告白
それから、あゆみとすばるが一緒に過ごす時間は少しずつ増えていった。
週末にはショッピングモールを巡ったり、カフェでコーヒーを飲みながら他愛もない話を交わしたりする。その何気ないひとときが、あゆみにとって特別なものになりつつあった。
ある日の午後、二人は公園のベンチに腰掛けていた。すばるが自販機で買ってきた缶コーヒーを手渡してくれる。
「ありがとう、先生。」
「ほら、まだ先生って呼んでる。」
軽く冗談めかしたすばるの言葉に、あゆみは小さく笑った。
しばらくすると、すばるがふと口を開いた。
「あゆみ。」
突然名前を呼ばれたことで、あゆみは少し驚きながらもすばるを見つめた。
彼の表情は、いつもの穏やかさとは少し違い、真剣だった。
「君に負担をかけるつもりはない。ただ、僕は君といるとほっとするんだ。」
その言葉に、あゆみは一瞬息を飲んだ。胸の中にあった不安や戸惑いが、少しずつ溶けていくようだった。
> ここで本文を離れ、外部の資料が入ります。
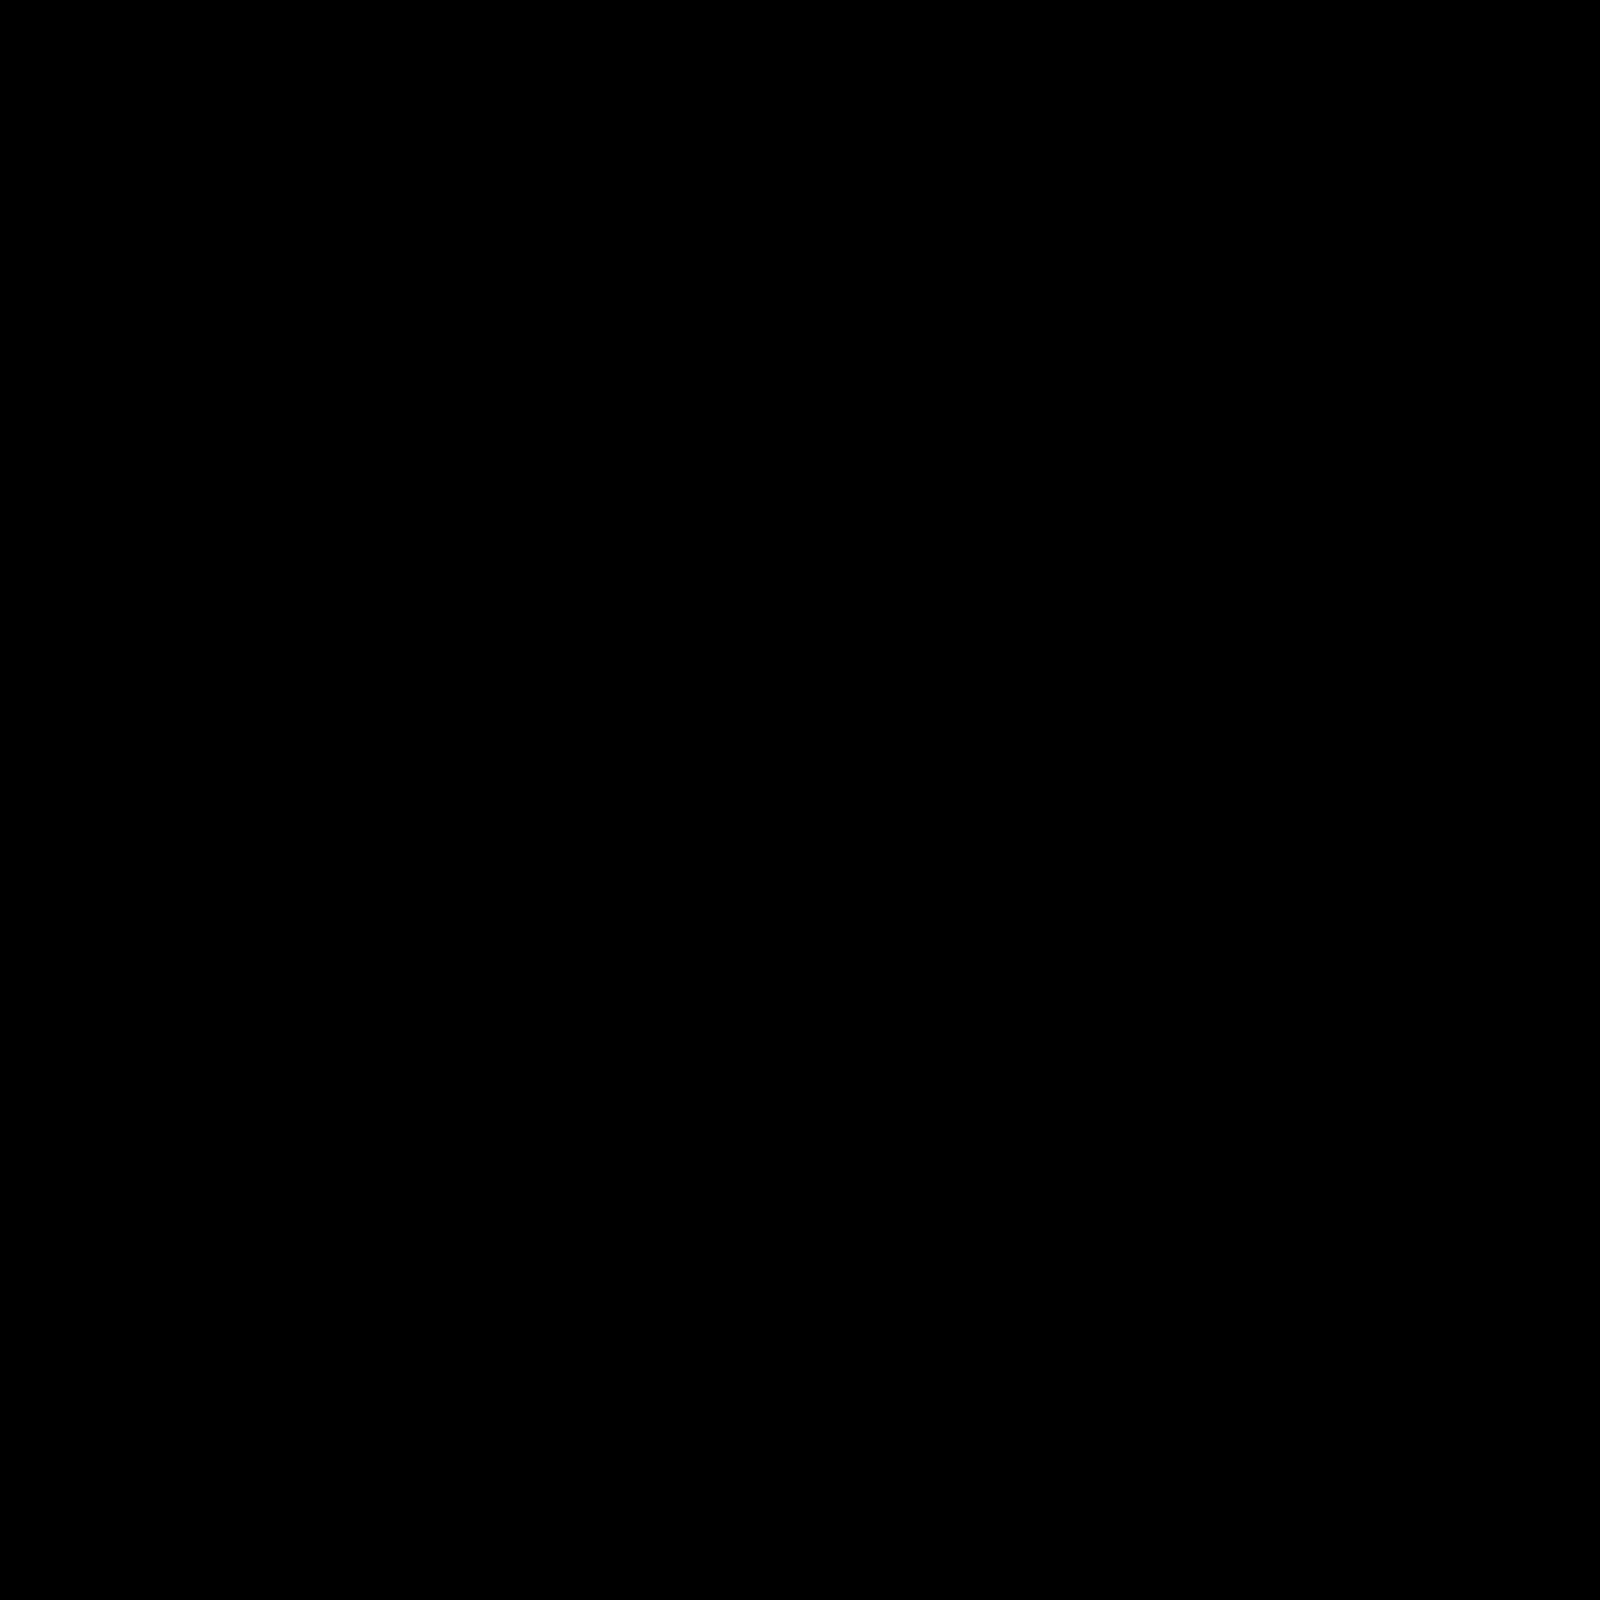 Football stance clipart jpg free download Иконка American Football Defensive Stance - скачать бесплатно в PNG ... jpg free download

「あゆみが隣にいてくれると、これまで一人で頑張ってきた気持ちが和らぐんだ。」
「普通の恋愛じゃないことは分かってるけど、僕と付き合ってほしい。」
彼の告白に、あゆみの目には自然と涙が浮かんだ。
その瞬間、あゆみの心に高校時代の記憶がよみがえった。
人生に光が差したのは、高校時代のことだった。
学園祭の実行委員長を任されていたあゆみは、最初こそ自信を持って準備を進めていたが、当日は問題が次々に発生。イベント自体は何とか形になったものの、あゆみの心は沈んでいた。
その日の夕方、教室で一人俯いていると、ドアが開いた。
「下校時刻過ぎてるよ、如月さん。おうちの人、待ってるだろう?待ちすぎてミイラになっちゃうよ?」
星宮すばるが顔を覗かせた。その軽い冗談交じりの言葉に、あゆみは驚きながらも微笑んだ。
「ミイラになるほど待たせていないですよ。」
すばるはそっと隣に腰を下ろし、彼女の沈んだ表情をじっと見つめた後、静かに口を開いた。
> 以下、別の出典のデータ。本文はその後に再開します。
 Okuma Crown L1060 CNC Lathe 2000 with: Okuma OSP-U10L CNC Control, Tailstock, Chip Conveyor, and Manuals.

「そんなに落ち込まなくても良いんじゃないかな? 行動を起こさなければ失敗は起きない。逆に言えば、行動を起こすことができたっていうこと自体が、如月さんの頑張りだよ。」
その言葉に、あゆみは驚き、そして心が軽くなった。
自分がどう思うかではなく、実際に何かをしたことが大切だということを、すばるは当たり前のように言ってのけた。
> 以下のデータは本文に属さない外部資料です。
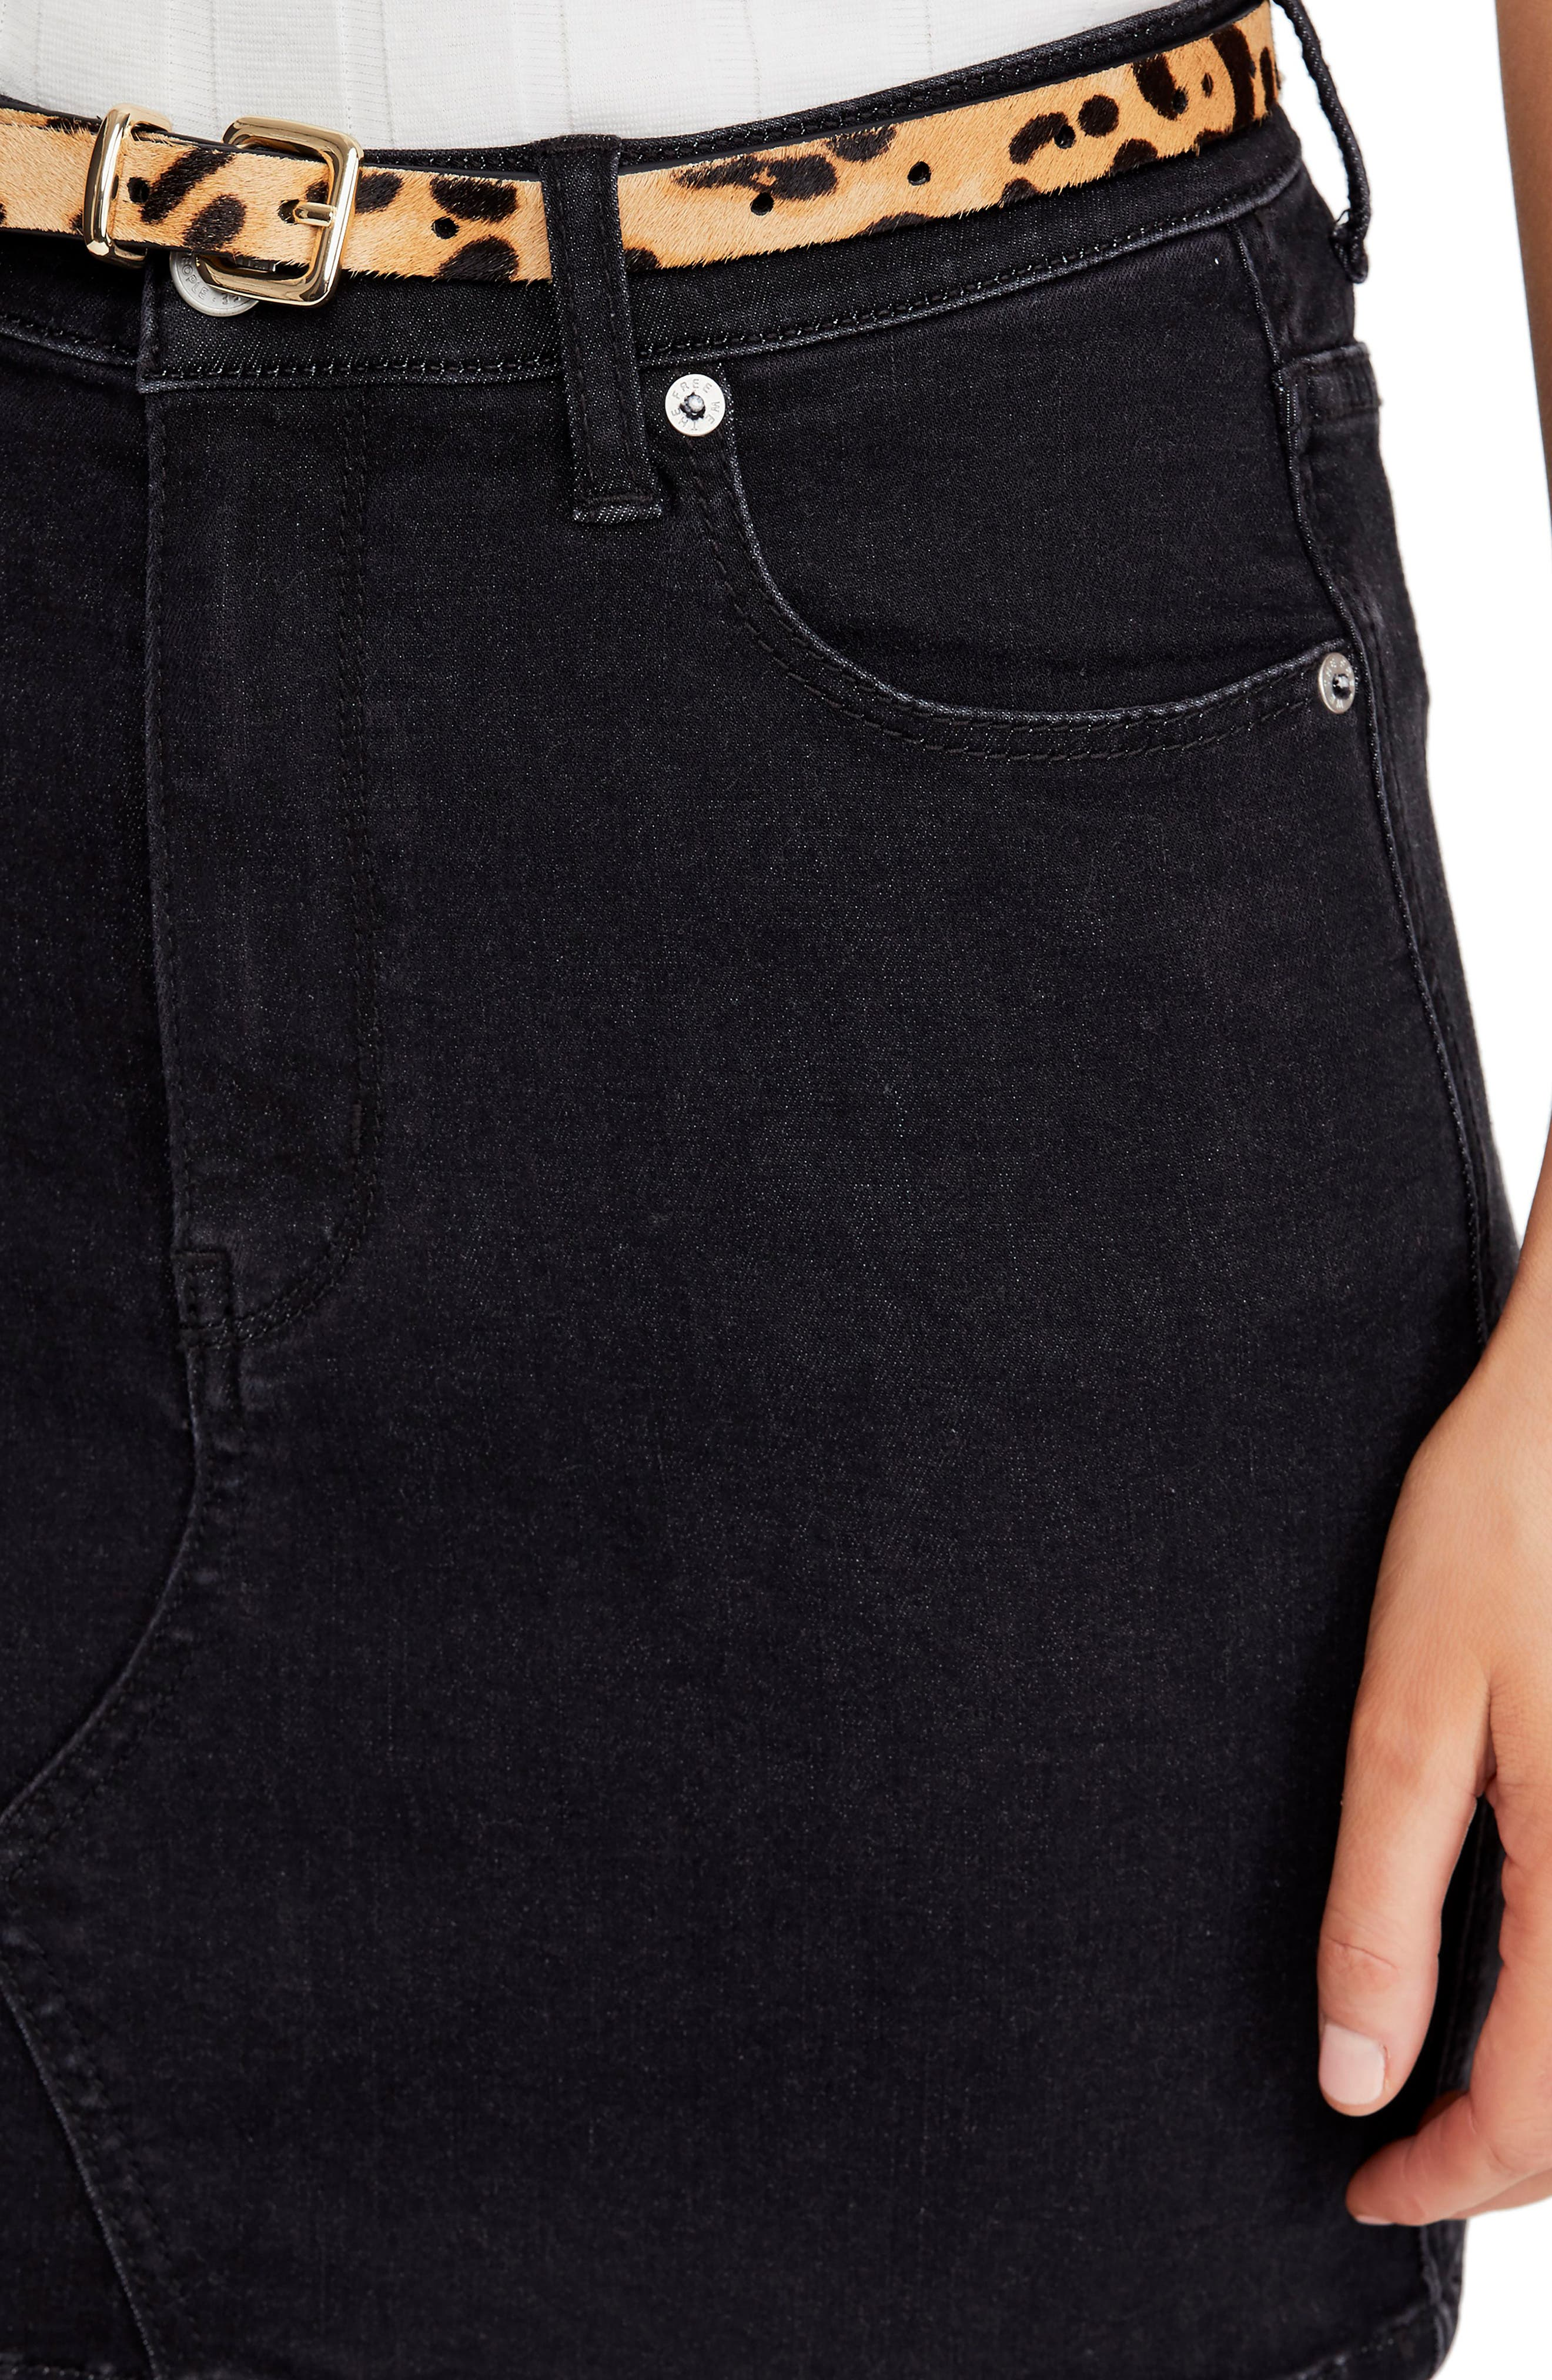 FREE PEOPLE, Teagan Denim Miniskirt, Alternate thumbnail 5, color, BLACK

「行動できたってだけですごいことだよ。何もせずに後悔するより、何かを試してみる方がよっぽど価値があると思う。」
すばるのその言葉は、あゆみの胸に深く刻まれた。
あの時の記憶が蘇り、あゆみはすばるを見つめた。
「やっぱりこの人はすごい。立場とかもあるのにこんな風に伝えることができるなんて。いつか支えることができるようになりたい。」
そんな思いが短い言葉に変わるのに時間はかからなかった。
「私も、すばるさんと一緒にいたいです。まだ全然自信はないけど……少しずつ頑張ります。」
その言葉を聞いて、すばるは穏やかに微笑んだ。
「急がなくていいよ。あゆみが隣にいてくれるだけで、僕は十分だから。」
帰り道、夕焼けに染まる空を見上げながら、あゆみは静かに思った。
「私も、誰かの力になりたい……すばるさんの力になれる私でありたい。」
胸に温かい想いとわずかな不安を抱きながら、あゆみは未来に向かって歩み始めた。